Wednesday, December 06, 2006

We Need New Rules of Engagement

The Captain (not Captain Ed) explains why political correctness is responsible for the prolonged difficulty we've had in winning Iraq.

This is particularly infuriating:
Well before the conflict in Iraq and up until apparently this past summer, U.S. combat troops found comforting words in the ROE for the individual fighter facing an unpredictable enemy, seeking to kill him or her through any trick or stratagem:

“Nothing in these ROE limit an individual soldier’s right to defend himself or a commander’s inherent authority and obligation to use all necessary means available and to take appropriate action to defend his unit and other U.S. and friendly forces in the vicinity.”

And these words for the unit leader:

“These rules do not limit a commander’s inherent authority and obligation to use all necessary means available and to take all appropriate actions in self-defense of the commander’s unit and other U.S. forces in the vicinity.”

However, the new standard ROE promulgated this past summer (CJCSI 3121.01B) has individual self-defense described as a subset of unit self-defense.
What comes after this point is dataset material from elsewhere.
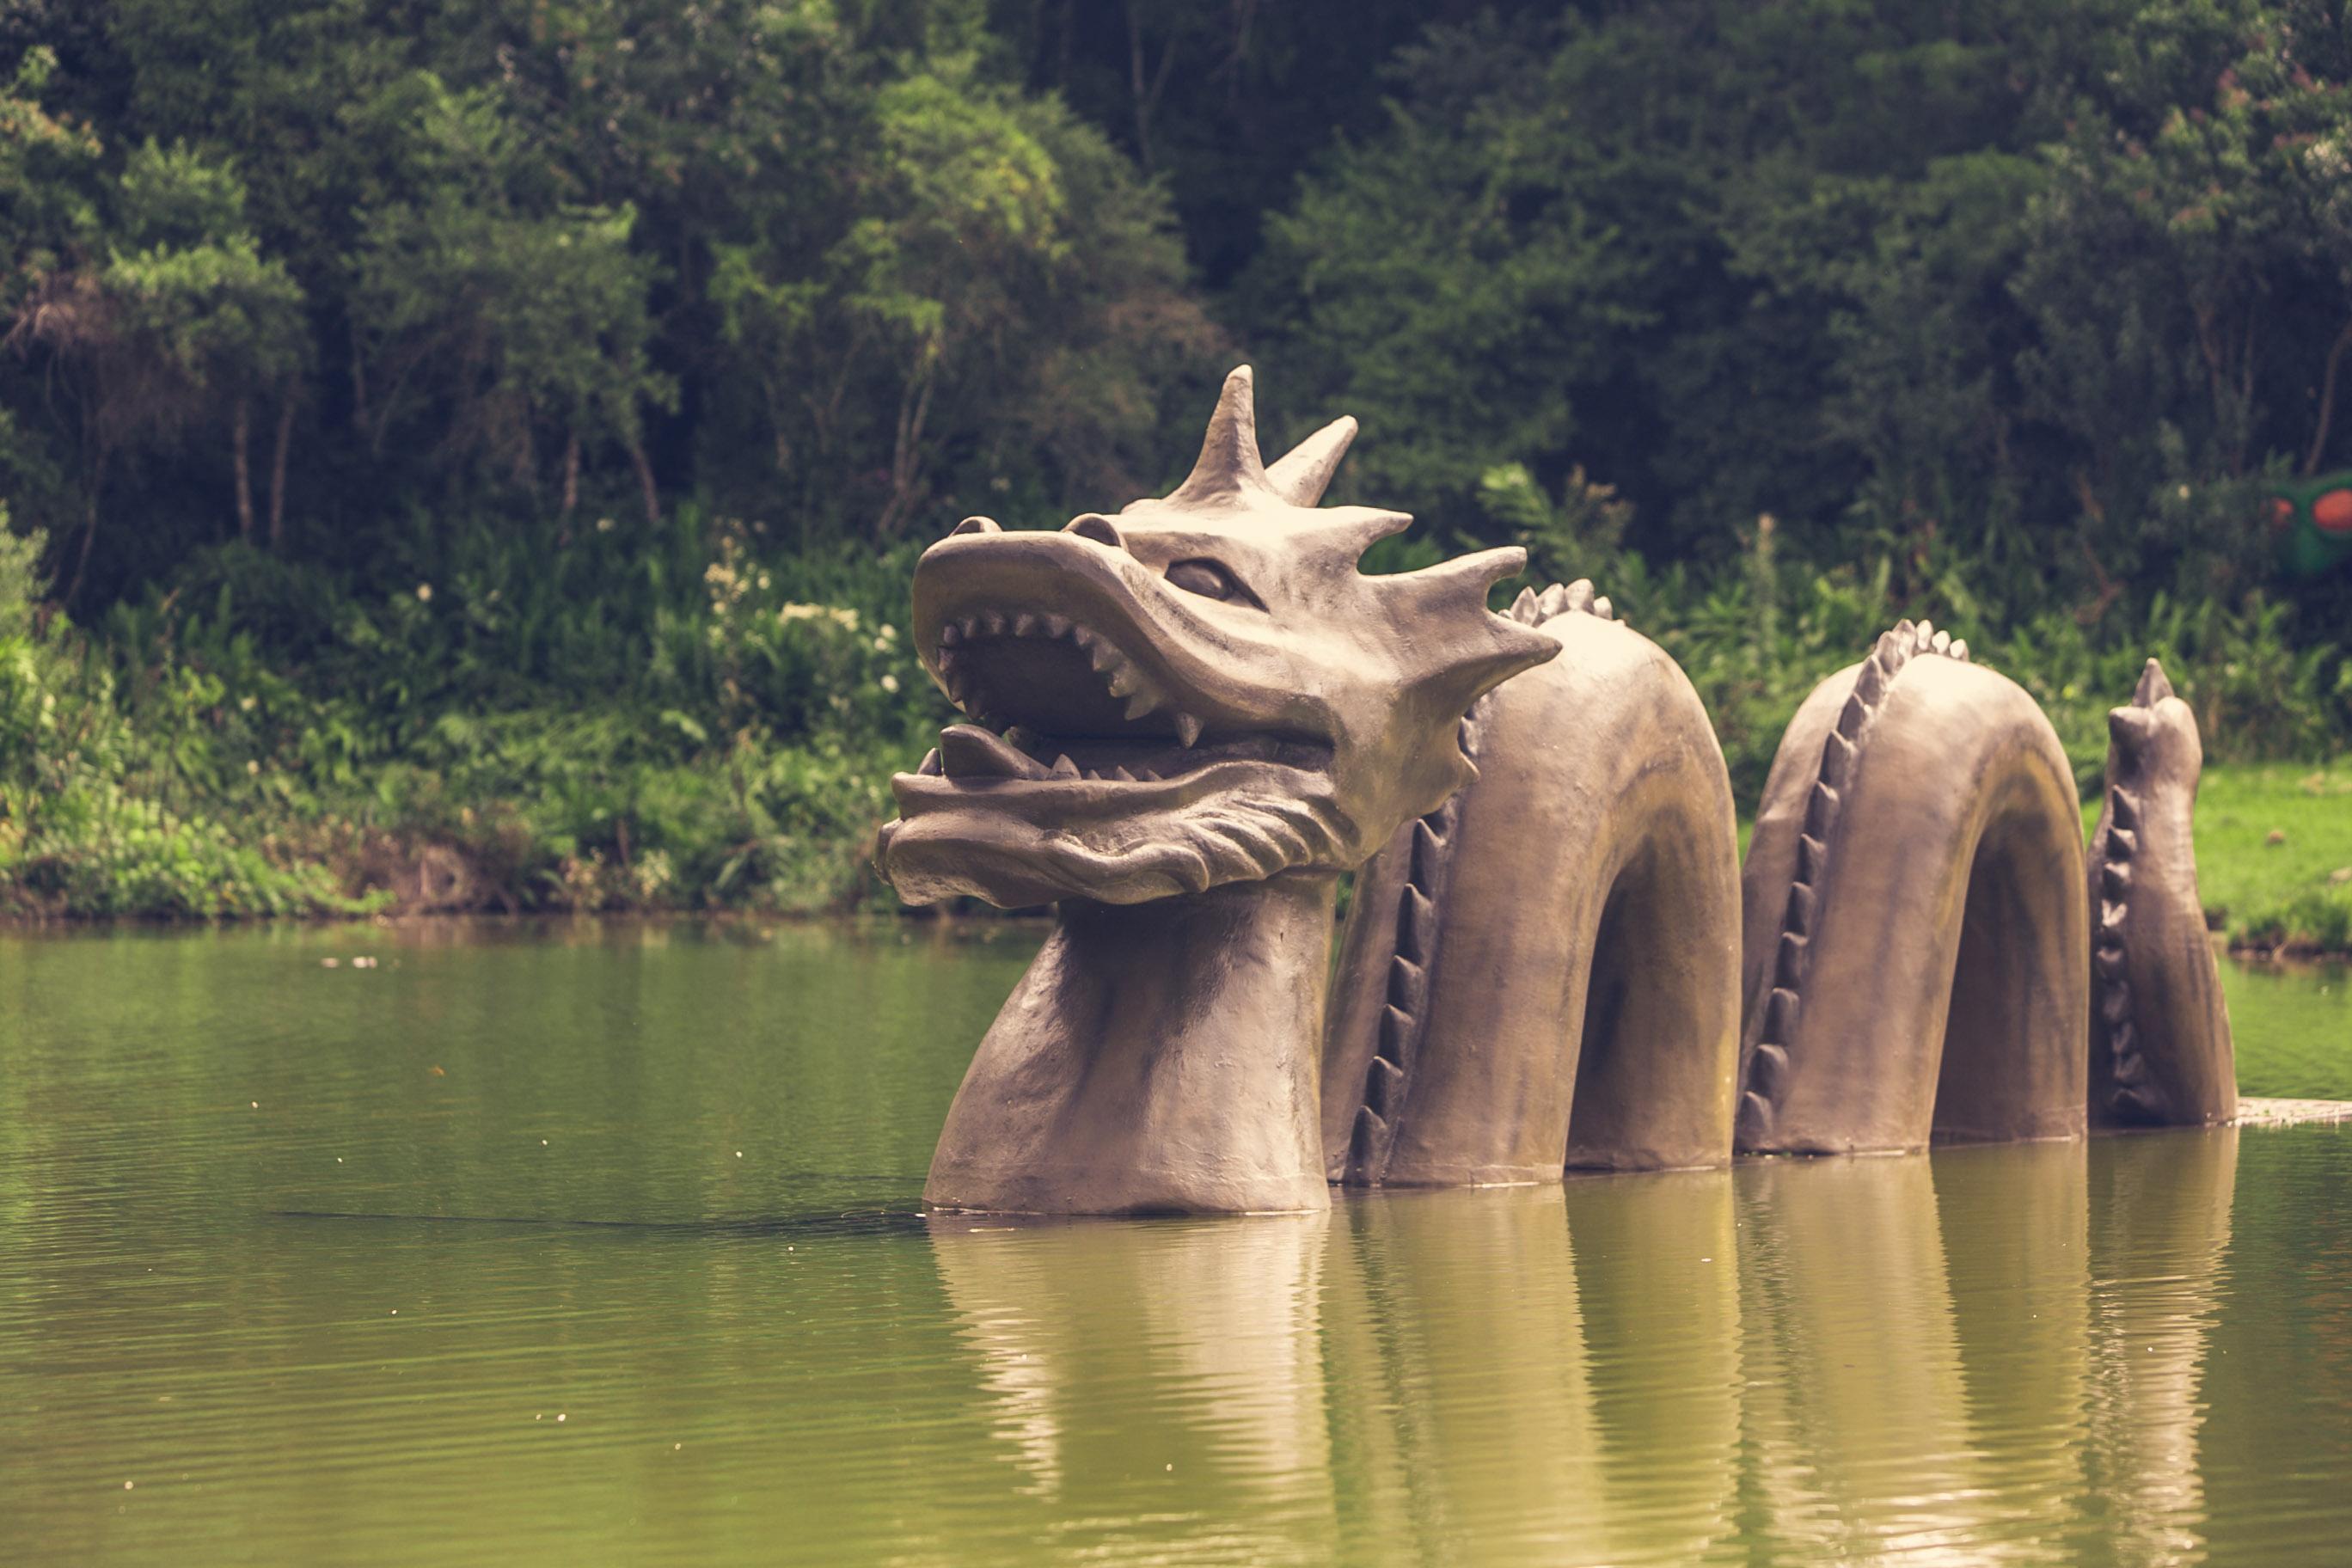 Warung Day Festival, um sonho real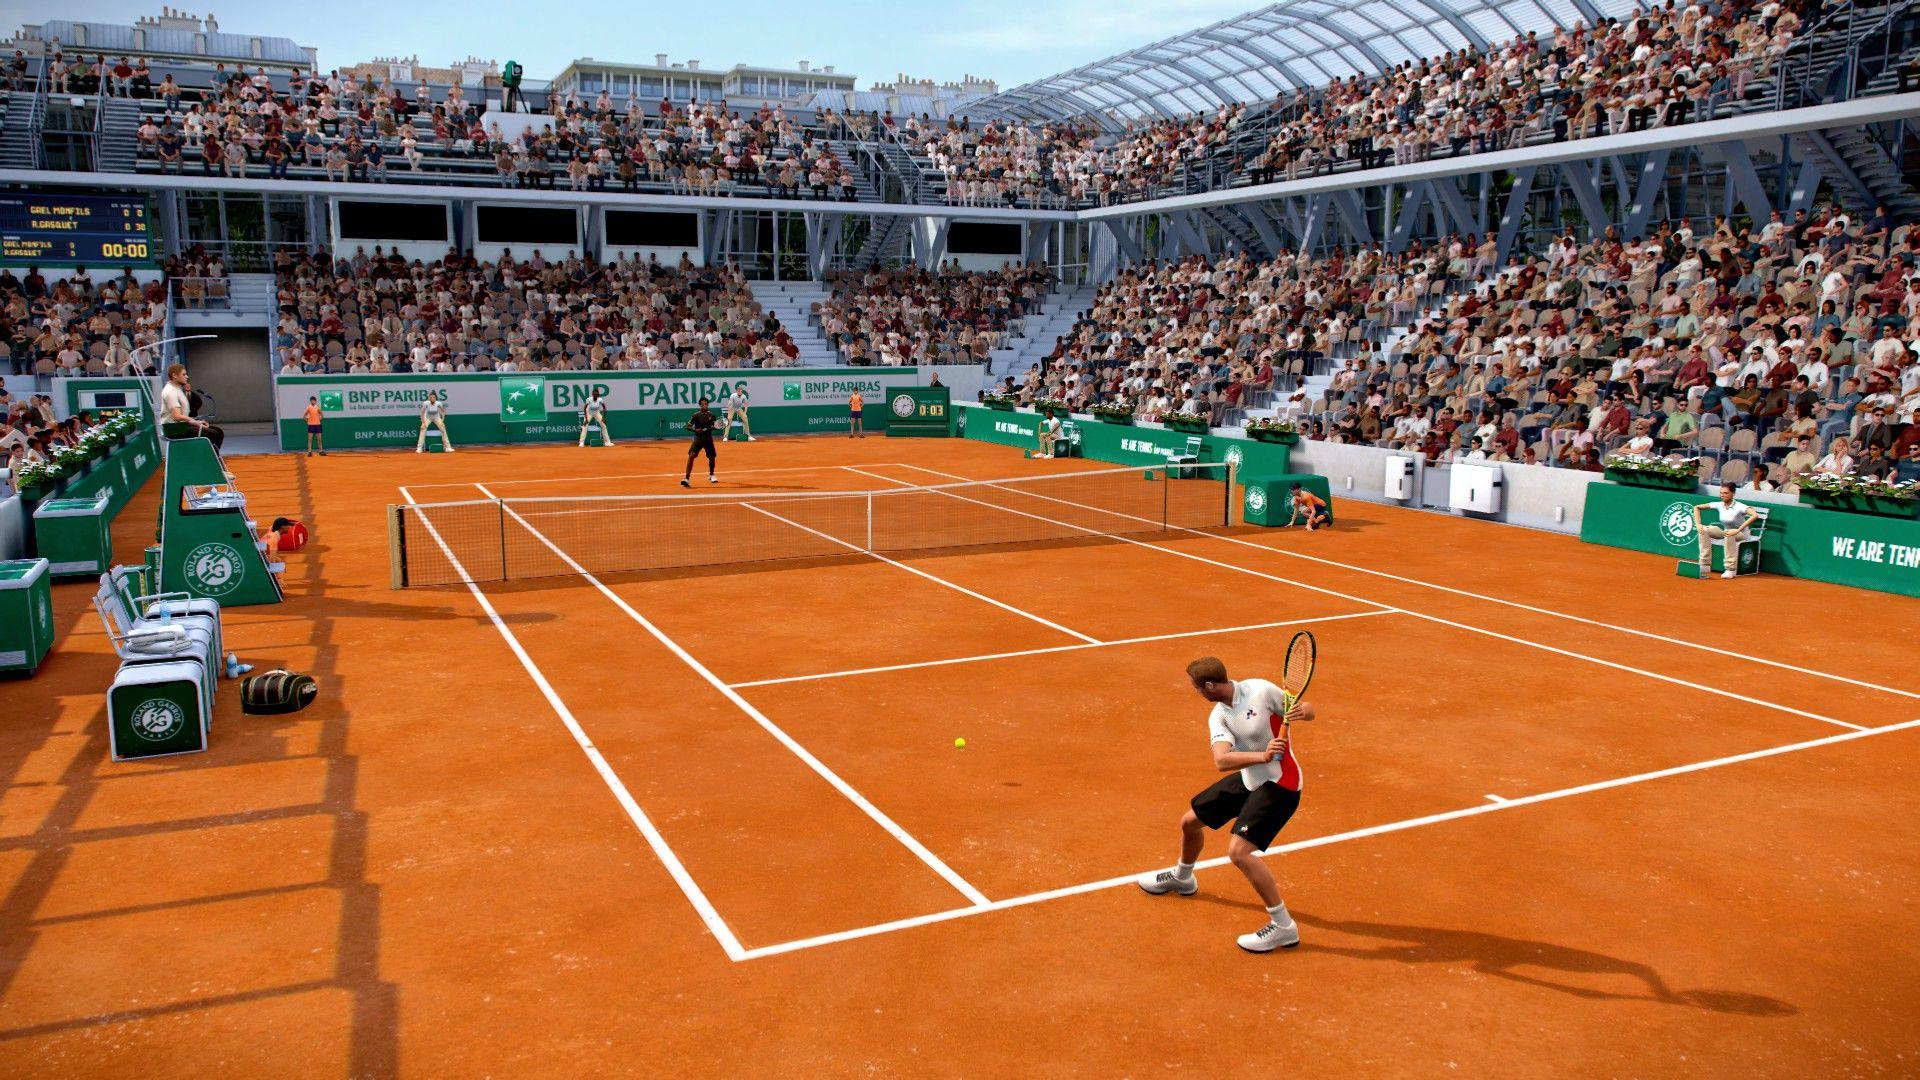 Tennis World Tour Roland Garros Edition Ad Ad Tour World Tennis Edition Tennis World Roland Garros Tennis Games

Furthermore, the new regulation ominously adds some specific wording that says, “as such, commanders may limit the individual right of self-defense.”
From The Captain's analysis:
From the beginning of a Marine’s time in the Corps, to the last day that he is active, he lives with the concepts of “fire watch” and “guardian angel.” When Marines are sleeping, deployed on a base, or any other time they are not actively engaged in operations, a “fire watch” is set up, and Marines rotate through this duty. This is a defensive posture, taken twenty four hours a day. The guardian angel is supposed to locate to a position of concealment in order to move in offensive operations against any enemy who would do harm to Marines. Defensive and offensive postures - the two go hand-in-hand and are employed at all times.

The Marine is taught that he is always free to defend himself and other Marines. The protection of Marines is thought- and activity-consuming and is paramount in their tactics. Fast forward to Iraq and current ROE. Now he is taught that commanders may limit the right of individual self-defense. If there were only one or two anecdotal pieces of evidence that Soldiers and Marines felt hamstrung and confused by the current ROE, then this might point to a problem.
That oft-celebrated legacy the 1960's bequeathed to today's military. Way to go, dingbats.